> Provided information

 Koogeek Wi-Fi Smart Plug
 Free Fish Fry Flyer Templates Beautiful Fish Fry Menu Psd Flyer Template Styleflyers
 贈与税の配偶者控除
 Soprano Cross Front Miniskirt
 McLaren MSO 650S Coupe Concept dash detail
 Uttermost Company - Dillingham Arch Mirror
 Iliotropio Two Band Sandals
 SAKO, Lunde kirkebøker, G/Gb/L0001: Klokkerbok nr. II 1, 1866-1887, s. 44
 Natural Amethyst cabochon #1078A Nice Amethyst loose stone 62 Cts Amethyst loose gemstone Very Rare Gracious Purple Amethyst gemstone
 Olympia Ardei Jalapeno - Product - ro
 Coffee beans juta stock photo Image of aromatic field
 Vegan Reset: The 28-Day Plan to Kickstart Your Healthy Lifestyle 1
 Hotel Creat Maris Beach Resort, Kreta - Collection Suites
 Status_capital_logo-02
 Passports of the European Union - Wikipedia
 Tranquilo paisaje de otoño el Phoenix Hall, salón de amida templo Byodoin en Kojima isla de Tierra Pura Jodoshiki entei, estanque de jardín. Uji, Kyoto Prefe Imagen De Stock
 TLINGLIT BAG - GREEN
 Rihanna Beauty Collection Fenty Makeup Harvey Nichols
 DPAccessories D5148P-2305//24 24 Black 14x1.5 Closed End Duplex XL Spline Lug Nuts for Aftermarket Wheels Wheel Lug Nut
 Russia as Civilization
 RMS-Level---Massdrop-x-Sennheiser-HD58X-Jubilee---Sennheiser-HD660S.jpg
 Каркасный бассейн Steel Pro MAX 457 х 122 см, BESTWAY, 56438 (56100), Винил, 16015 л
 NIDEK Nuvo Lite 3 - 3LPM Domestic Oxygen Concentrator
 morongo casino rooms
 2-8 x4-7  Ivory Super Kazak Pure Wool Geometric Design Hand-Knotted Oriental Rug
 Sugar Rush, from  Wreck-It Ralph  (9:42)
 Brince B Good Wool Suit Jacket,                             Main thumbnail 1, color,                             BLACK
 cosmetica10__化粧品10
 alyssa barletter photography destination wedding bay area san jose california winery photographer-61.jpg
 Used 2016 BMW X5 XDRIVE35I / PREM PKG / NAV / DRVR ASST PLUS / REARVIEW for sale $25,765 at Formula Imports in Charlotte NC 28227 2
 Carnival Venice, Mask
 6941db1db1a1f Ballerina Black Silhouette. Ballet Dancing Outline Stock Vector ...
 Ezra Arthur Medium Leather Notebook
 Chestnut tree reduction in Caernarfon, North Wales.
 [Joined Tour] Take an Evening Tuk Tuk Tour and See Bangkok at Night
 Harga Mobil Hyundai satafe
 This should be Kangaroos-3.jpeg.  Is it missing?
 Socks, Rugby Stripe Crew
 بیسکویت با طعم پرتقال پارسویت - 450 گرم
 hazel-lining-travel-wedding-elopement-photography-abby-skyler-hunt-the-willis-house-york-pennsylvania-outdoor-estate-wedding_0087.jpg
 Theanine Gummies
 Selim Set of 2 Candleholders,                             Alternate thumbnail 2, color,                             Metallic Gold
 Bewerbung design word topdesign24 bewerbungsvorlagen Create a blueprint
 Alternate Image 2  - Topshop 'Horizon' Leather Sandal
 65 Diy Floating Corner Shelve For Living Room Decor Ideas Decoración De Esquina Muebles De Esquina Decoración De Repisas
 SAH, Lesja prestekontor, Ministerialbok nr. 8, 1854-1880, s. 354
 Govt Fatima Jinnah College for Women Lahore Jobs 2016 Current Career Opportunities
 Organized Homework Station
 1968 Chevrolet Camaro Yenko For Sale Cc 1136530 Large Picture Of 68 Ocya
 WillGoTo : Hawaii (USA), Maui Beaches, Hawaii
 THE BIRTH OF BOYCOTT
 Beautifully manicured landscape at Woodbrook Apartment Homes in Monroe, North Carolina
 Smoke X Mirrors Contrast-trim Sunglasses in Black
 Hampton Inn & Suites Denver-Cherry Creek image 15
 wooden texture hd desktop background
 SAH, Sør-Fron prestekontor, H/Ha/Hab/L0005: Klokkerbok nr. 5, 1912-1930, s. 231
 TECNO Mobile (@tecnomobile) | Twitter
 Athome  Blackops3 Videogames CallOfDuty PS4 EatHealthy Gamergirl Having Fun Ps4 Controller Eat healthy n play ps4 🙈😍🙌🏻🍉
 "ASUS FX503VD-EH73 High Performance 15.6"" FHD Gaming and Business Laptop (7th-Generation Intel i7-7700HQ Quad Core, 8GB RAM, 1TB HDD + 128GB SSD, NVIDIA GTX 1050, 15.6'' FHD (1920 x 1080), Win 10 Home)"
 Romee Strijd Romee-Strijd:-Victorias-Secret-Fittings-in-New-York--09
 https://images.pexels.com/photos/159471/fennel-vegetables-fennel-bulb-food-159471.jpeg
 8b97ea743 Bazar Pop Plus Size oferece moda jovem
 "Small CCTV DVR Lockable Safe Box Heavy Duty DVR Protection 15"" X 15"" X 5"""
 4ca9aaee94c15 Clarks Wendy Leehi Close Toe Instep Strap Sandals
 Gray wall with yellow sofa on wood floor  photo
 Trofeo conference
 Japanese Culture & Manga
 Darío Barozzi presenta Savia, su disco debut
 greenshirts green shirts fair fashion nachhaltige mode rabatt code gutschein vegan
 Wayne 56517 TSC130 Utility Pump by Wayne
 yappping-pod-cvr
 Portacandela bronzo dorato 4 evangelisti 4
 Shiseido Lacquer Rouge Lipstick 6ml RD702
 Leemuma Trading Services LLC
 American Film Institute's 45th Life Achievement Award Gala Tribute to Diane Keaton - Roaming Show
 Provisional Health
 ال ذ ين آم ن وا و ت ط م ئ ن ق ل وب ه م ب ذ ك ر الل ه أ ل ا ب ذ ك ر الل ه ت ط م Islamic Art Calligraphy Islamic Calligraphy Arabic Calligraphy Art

> What is being asked
What is needed is an exact copy of the entries above, from the first line through the line holding "Uttermost Company - Dillingham Arch Mirror", with both of those lines kept; please give nothing else.

> Output of the exercise
 Koogeek Wi-Fi Smart Plug
 Free Fish Fry Flyer Templates Beautiful Fish Fry Menu Psd Flyer Template Styleflyers
 贈与税の配偶者控除
 Soprano Cross Front Miniskirt
 McLaren MSO 650S Coupe Concept dash detail
 Uttermost Company - Dillingham Arch Mirror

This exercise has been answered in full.